■ What needs to be done ■
Nothing but the lines from the one containing "0fa4672359d52 Garnitur: podstawowe" through the end of the data below should appear in the answer, each exact and free of pictures.

■ Material provided ■

=== Begin Enclosure ===

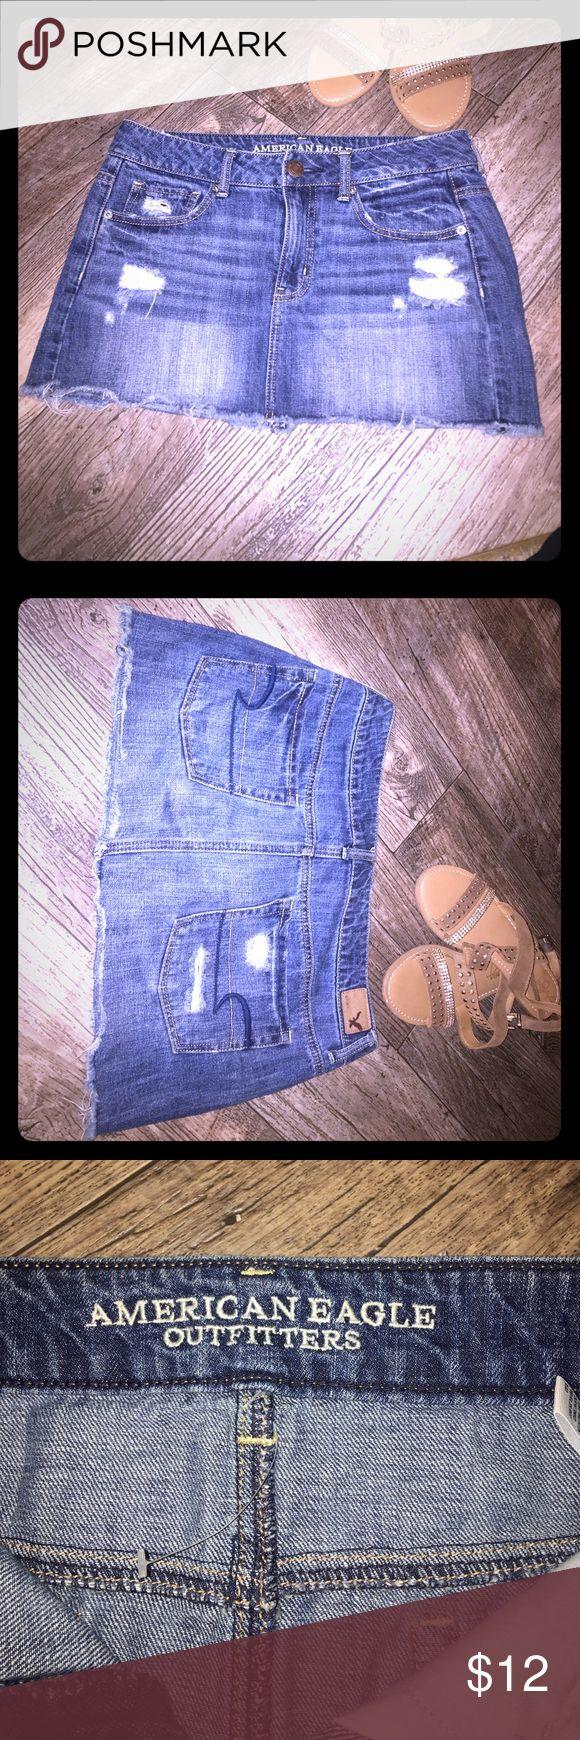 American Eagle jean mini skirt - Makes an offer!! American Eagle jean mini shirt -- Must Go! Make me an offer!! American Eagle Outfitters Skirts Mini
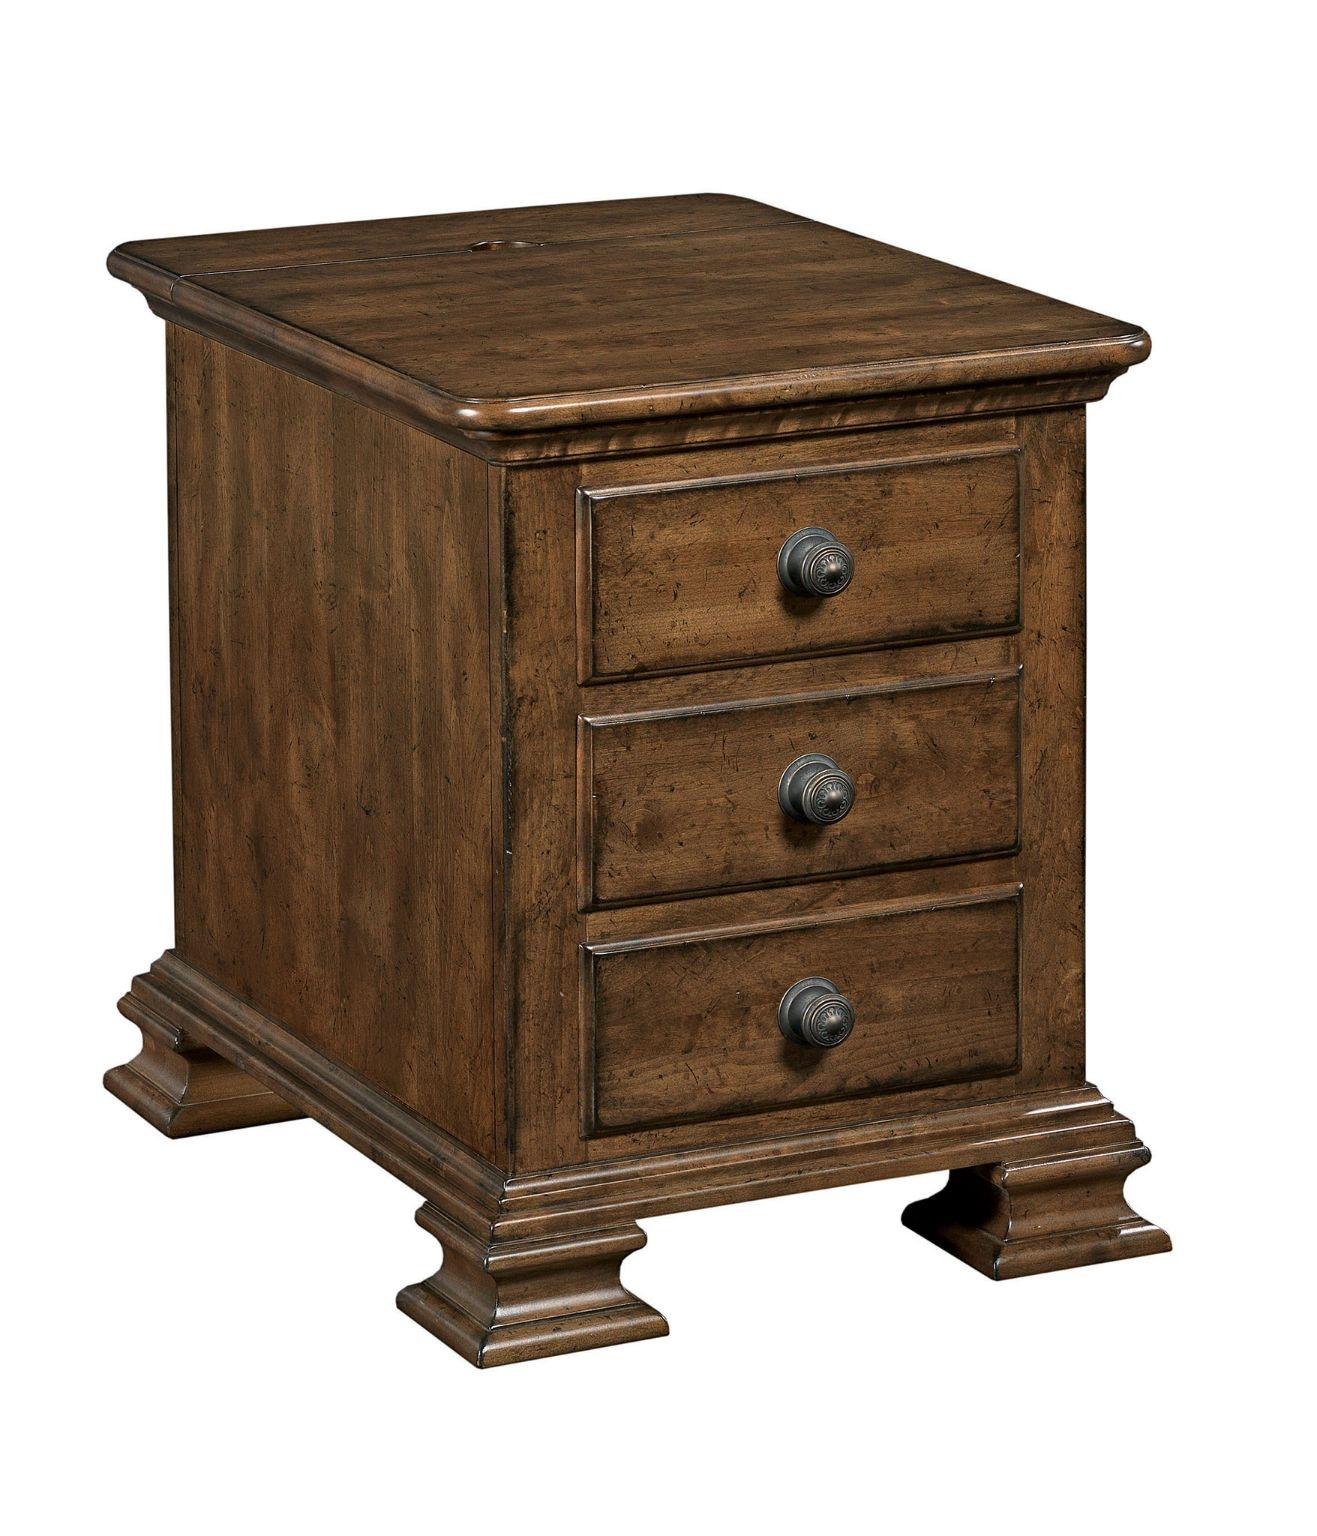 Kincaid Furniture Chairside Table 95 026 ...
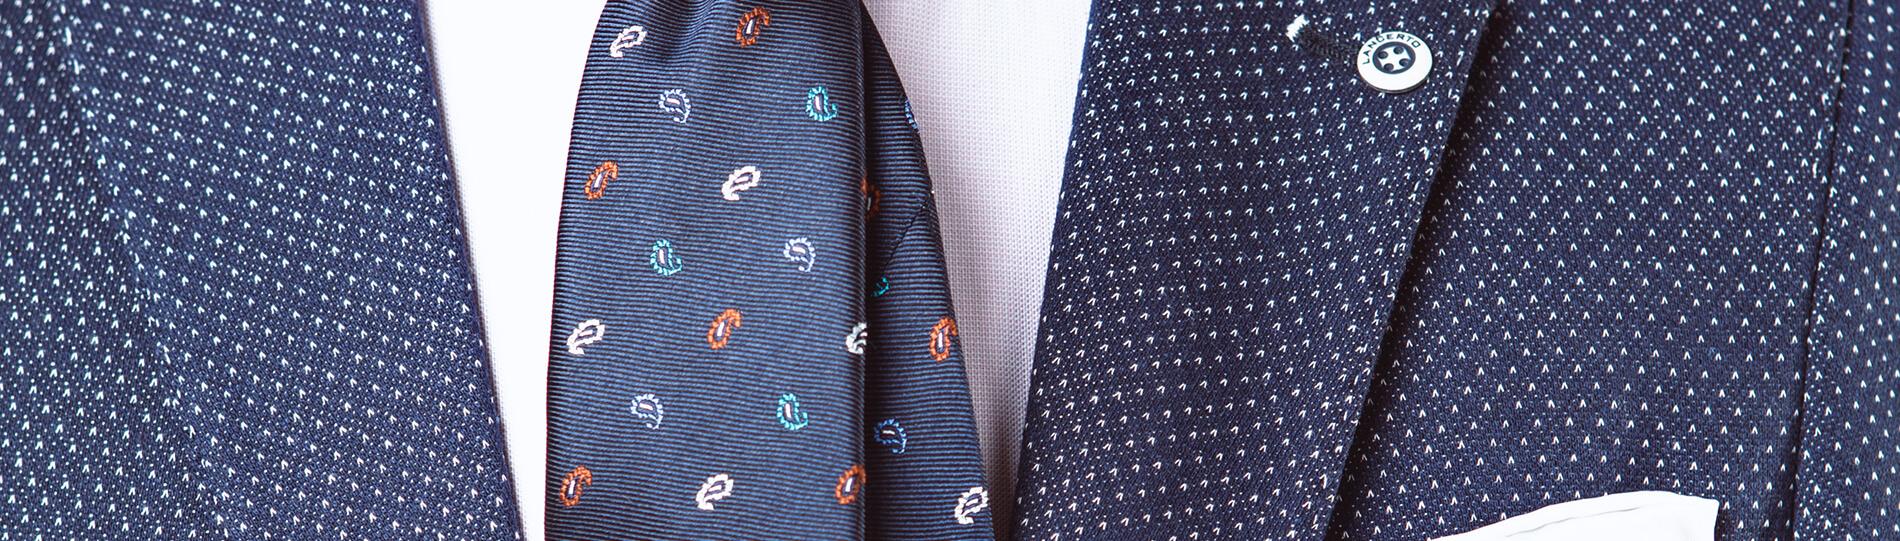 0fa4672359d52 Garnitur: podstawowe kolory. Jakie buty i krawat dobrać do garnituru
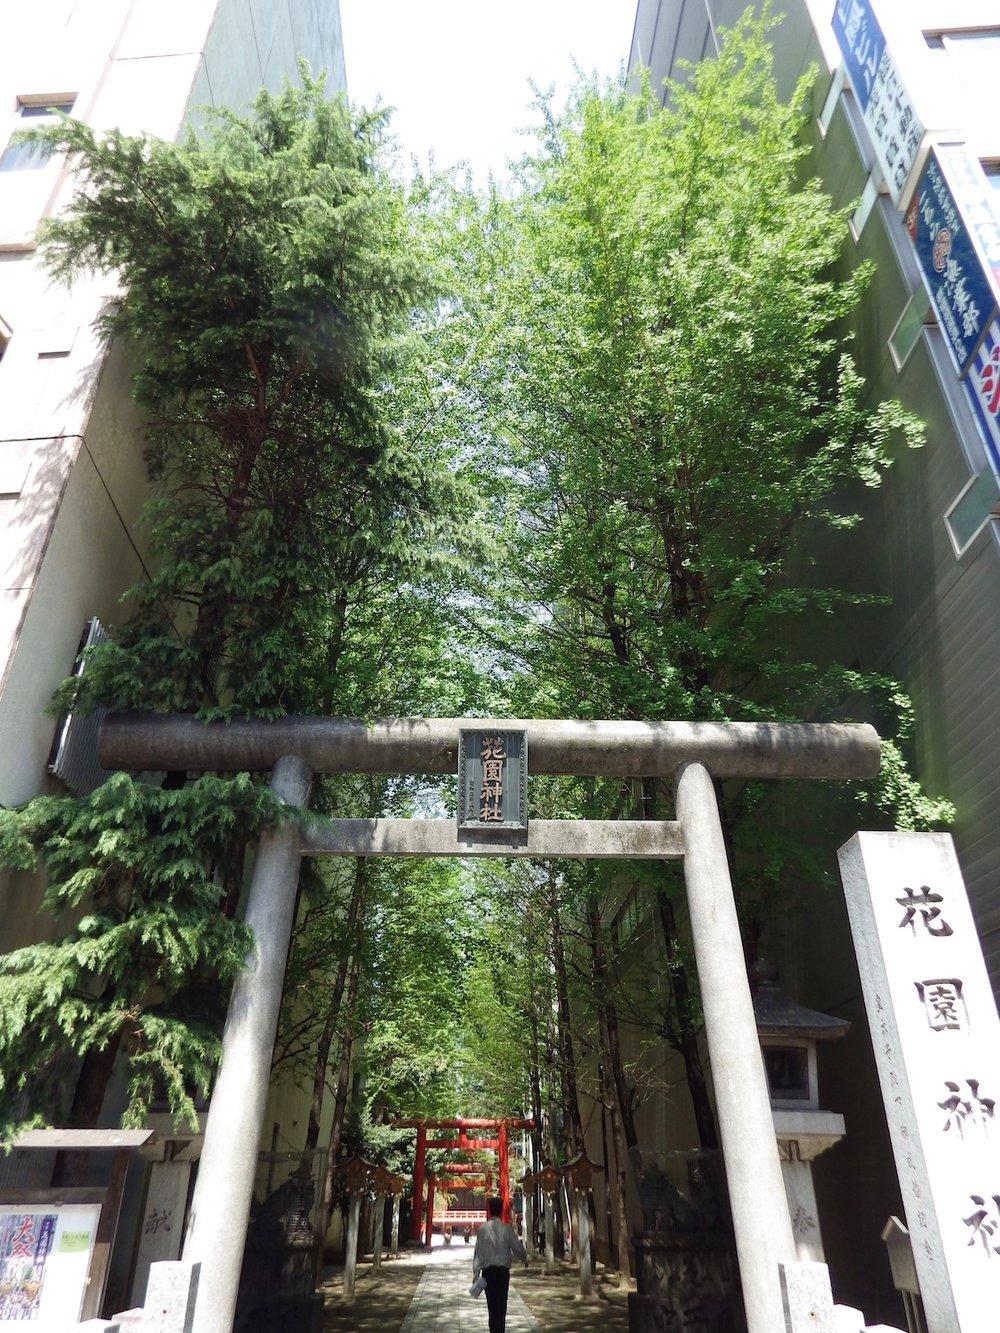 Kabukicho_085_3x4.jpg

=== End Enclosure ===

■ Solution below ■
 0fa4672359d52 Garnitur: podstawowe kolory. Jakie buty i krawat dobrać do garnituru
 Kabukicho_085_3x4.jpg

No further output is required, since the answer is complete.